The relationship between carbonated beverages and weight management is more complicated than most dietary guidance acknowledges. The explanation provided here runs much deeper than calories, sugar content, or ingredient labels. This article presents a systems-level examination of how carbonation (including sparkling water), regardless of caloric content, interacts with the hormonal architecture governing hunger, the stress response, and fat storage.

I am writing this for two audiences. The overview below provides an at-a-glance view of the essential argument. For those wanting to dig deeper, a fuller mechanistic case is developed throughout.

Article Overview

• Mainstream outlets will tell you that sparkling water will not cause weight gain. However, all carbonated beverages, including sparkling water, stimulate the hunger hormone (ghrelin) through gastric pressure. But ghrelin also initiates a hormonal cascade involving cortisol and insulin that the zero-calorie label and mainstream research do not account for.
• The downstream effects linking carbonation to ghrelin, ghrelin to cortisol, and cortisol to epigenetic fat-storage pathways are each independently supported by existing research. However, this article is somewhat novel because it appears to be the first time that the complete chain has been offered as a unified system.
• People stalled in their weight-loss journey who have already eliminated soda in favor of sparkling water may find that removing carbonated beverages entirely is the variable their plateau has been waiting for. Try eliminating all carbonated beverages for 4 to 6 weeks and see how you look and feel.
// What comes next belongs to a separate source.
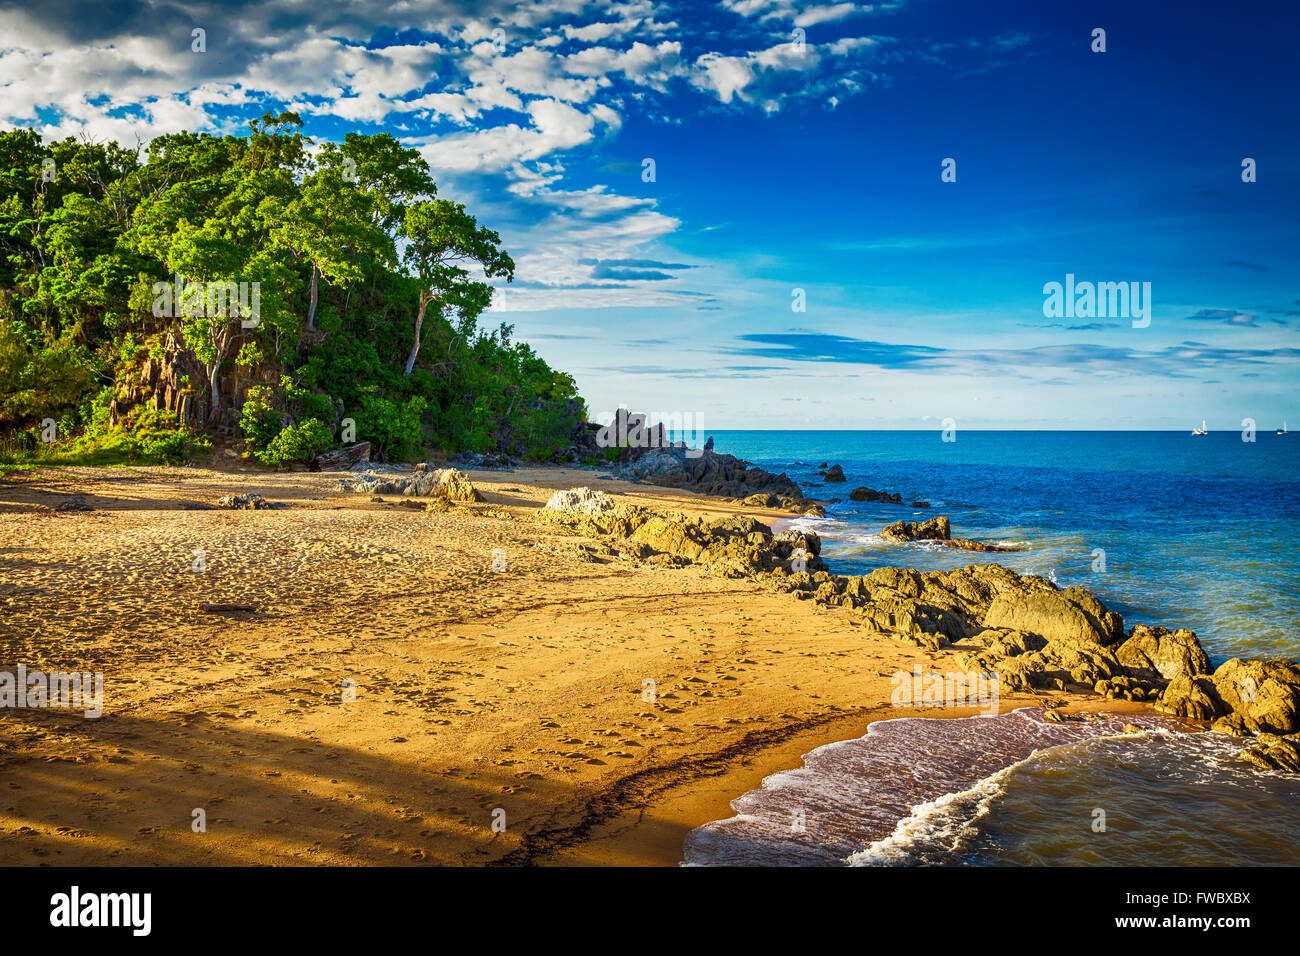 La principale plage de Palm Cove avec des rochers et des arbres pendant le coucher du soleil, de l'Australie Banque D'Images

Sparkling Water Isn’t Neutral

For millions of people navigating a weight-loss journey, the advice sounds reasonable enough: ditch the soda, switch to sparkling water. At face value, it seems logical. You eliminate the syrup, the refined sugar, the empty calories, and the inflammation-driving glucose load that comes with regular soft drink consumption. By nearly every conventional metric, the swap represents genuine progress. And it is progress, but only to a point. The problem is that progress is not the same as a solution, and understanding the difference may be precisely what people who have stalled need to hear.

The dominant framework in weight management remains stubbornly caloric. Consume less than you expend, the model insists, and the weight comes off. To demonstrate why this thinking is flawed, I’m using sparkling water as a useful example, precisely because it appears to satisfy the model completely: zero calories, no sugar, no syrup. And yet, results can remain elusive, and other conditions can spring up. We must understand that the human body does not respond to food and drink through a single variable. It responds through systems. Sparkling water is simply a clean case study for a much larger problem with how we think about consumption and metabolic consequences. So, let’s dig in by examining sparkling water through a health science lens.

Carbonation, the Stomach, and the Hunger Signal

When a carbonated beverage enters the stomach, two things happen almost immediately. First, the carbon dioxide expands into a gas, and the resulting pressure stimulates mechanoreceptors in the gastric lining. Those mechanoreceptors then communicate with a network of enteroendocrine cells, and among the signals the network generates is the release of ghrelin, a peptide hormone most commonly known as the “hunger hormone.” Granted, research in this area is limited, but the finding itself has emerged with enough consistency to warrant attention. What you need to know here is that carbonation, independent of caloric content or sugar load, appears to stimulate ghrelin secretion.

Now, for someone trying to lose weight, a ghrelin spike is already an unwelcome development. Elevated ghrelin signals the hypothalamus to increase appetite and promote food-seeking behavior. It stimulates neuropeptide Y and agouti-related peptide neurons in the arcuate nucleus, which in turn suppresses the satiety signals the body would otherwise generate. This means that your zero-calorie beverage may be working against the appetite regulation you’re trying to maintain. Ultimately, this means you are likely to eat more. But there’s a bigger problem. Ghrelin does not operate in isolation, and this is where the conversation becomes more consequential… and seems to be entirely overlooked.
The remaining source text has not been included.